A interpretação do contexto também é utilizada pelas pessoas para refinar seus diagnósticos. Marsick (2009) apresentou atualizações em seu modelo e apontou, entre outros fatores, o importante papel das relações, cultura, estrutura da liderança e do ambiente ao promover a autonomia, a colaboração de outros, o diálogo reflexivo, receber feedback, regras comuns e de responsabilidade, na aprendizagem.

Para Marsick (2009), a aprendizagem é resultado das interações entre indivíduos e ambiente, e posiciona a aprendizagem dos indivíduos como dependente de contextos sociais maiores como comunidades de práticas, organizações e sociedades.

O modelo apresentado inicialmente por Marsick e Watkins (2001) parecia linear, enfatizando o significado individual sobre a interação social e a construção de significados, no entanto, nesta segunda revisão, Marsick (2009) acrescentou o importante papel do contexto.

A solução de um problema e o ciclo de aprendizagem apresentados em seu modelo, apesar de relevantes, não estão conectados a muitos aprendizes que buscam a combinação de metas individuais e organizacionais e de que parecem ser mais automotivados, autossuficientes e autodirigidos em estabelecer e atingir metas e a procurar oportunidades de aprendizagem, do que de suas metas pessoais (MARSICK, 2009).

O contexto organizacional – cultura, estrutura, processos e práticas – desempenha papel fundamental inibindo ou permitindo a motivação para a aprendizagem (MARSICK, 2009). A autora deixa clara a natureza altamente contextual da aprendizagem informal e que seu estudo requer que se recorra a outras disciplinas e áreas de atuação.

Segundo a autora, questões como intencionalidade, consciência, proatividade e reflexão crítica foram identificadas como facilitadores para a aprendizagem informal. Marsick (2009) também mostra que a aprendizagem varia de acordo com o contexto, os interesses e preferências dos atores-chave, mediada pela sua negociação de poder.

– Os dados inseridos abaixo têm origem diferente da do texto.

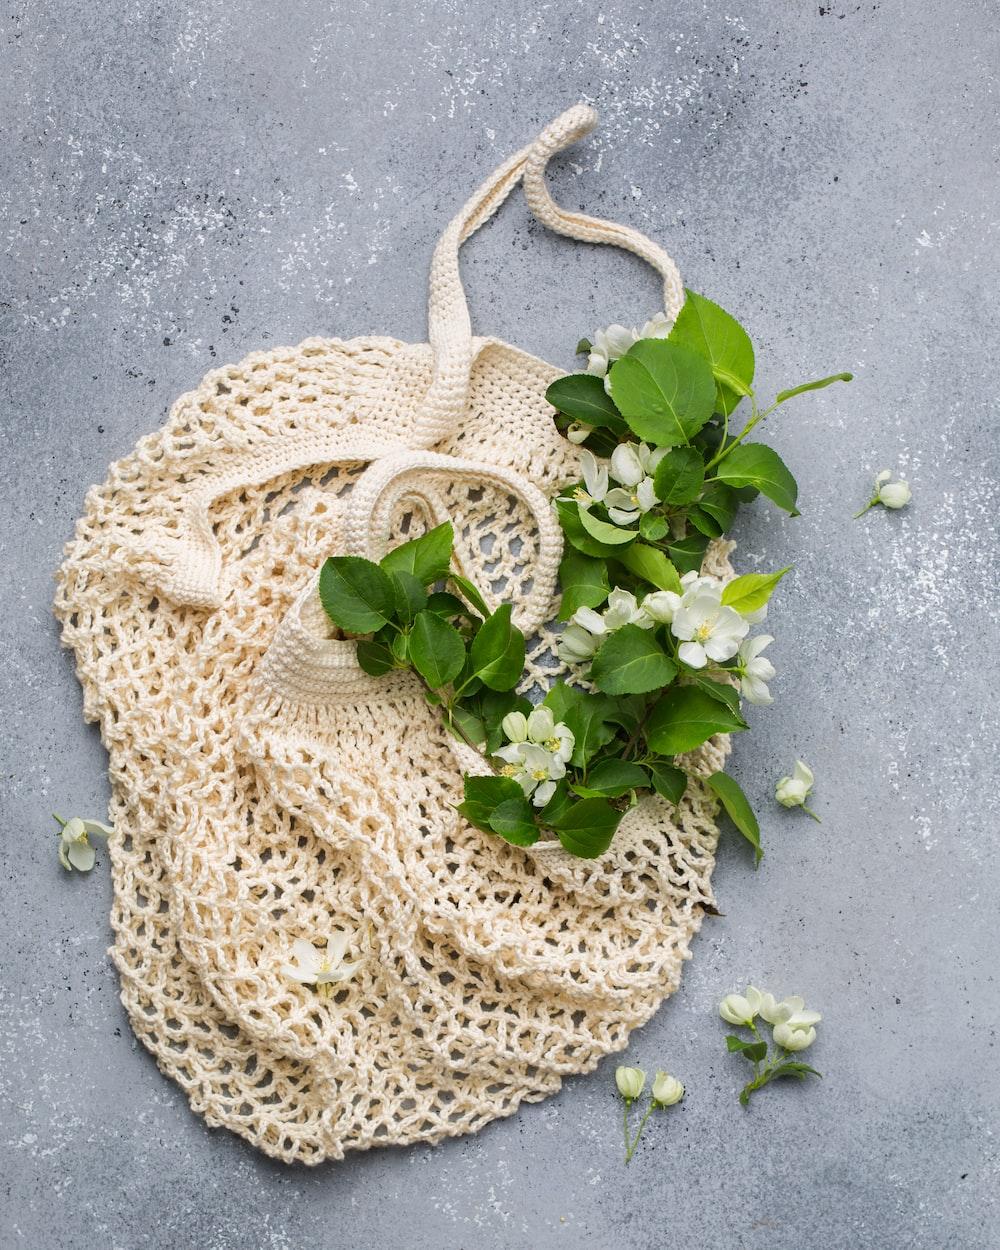 beige net bag with flowers

Marsick (2009) tenta unificar o modelo de aprendizagem informal e incidental e acrescenta alguns aspectos:

• a aprendizagem informal é sempre definida em contraste com a aprendizagem formal;

• a aprendizagem informal pode ser estudada por meio da análise dos processos e atividades de aprendizagem, como experimentação, reflexão, pelo erro, por idéias de outras pessoas, a análise da própria prática; dando e recebendo feedback e até conversando com colegas;

• as estratégias de aprendizagem do indivíduo são mediadas por suas crenças, valores, histórias e socialização prévia, corroborando os estudos da autora, que apontam que a intencionalidade, proatividade e reflexividade crítica afetam a natureza da aprendizagem;

• o contexto influencia as práticas e escolhas de aprendizagem, incluindo os estímulos para a aprendizagem, os recursos e influências do ambiente;

• os relacionamentos, incluindo os facilitadores ou barreiras ao seu engajamento, são apontados como fundamentais para a construção de comunidades de aprendizagem informal;

• fatores organizacionais como liderança, estrutura, cultura, sistemas e práticas, incentivos e recompensas, influenciam o clima para a aprendizagem;

• o gerenciamento do conhecimento (com base em tecnologia e pessoas) pode tornar- se um link entre a aprendizagem informal gerada individualmente e o acesso a um vasto número de pessoas.

O núcleo desses estudos é que se aprende com e por meio da experiência. A aprendizagem individual é muitas vezes implícita ou incidental e pode ser mais facilmente compreendida por meio de uma análise sociocultural, observando a interação entre o

indivíduo e seu meio social, histórico e cultural. As pessoas podem até mudar esses contextos, mas também são moldadas por eles (MARSICK, 2009).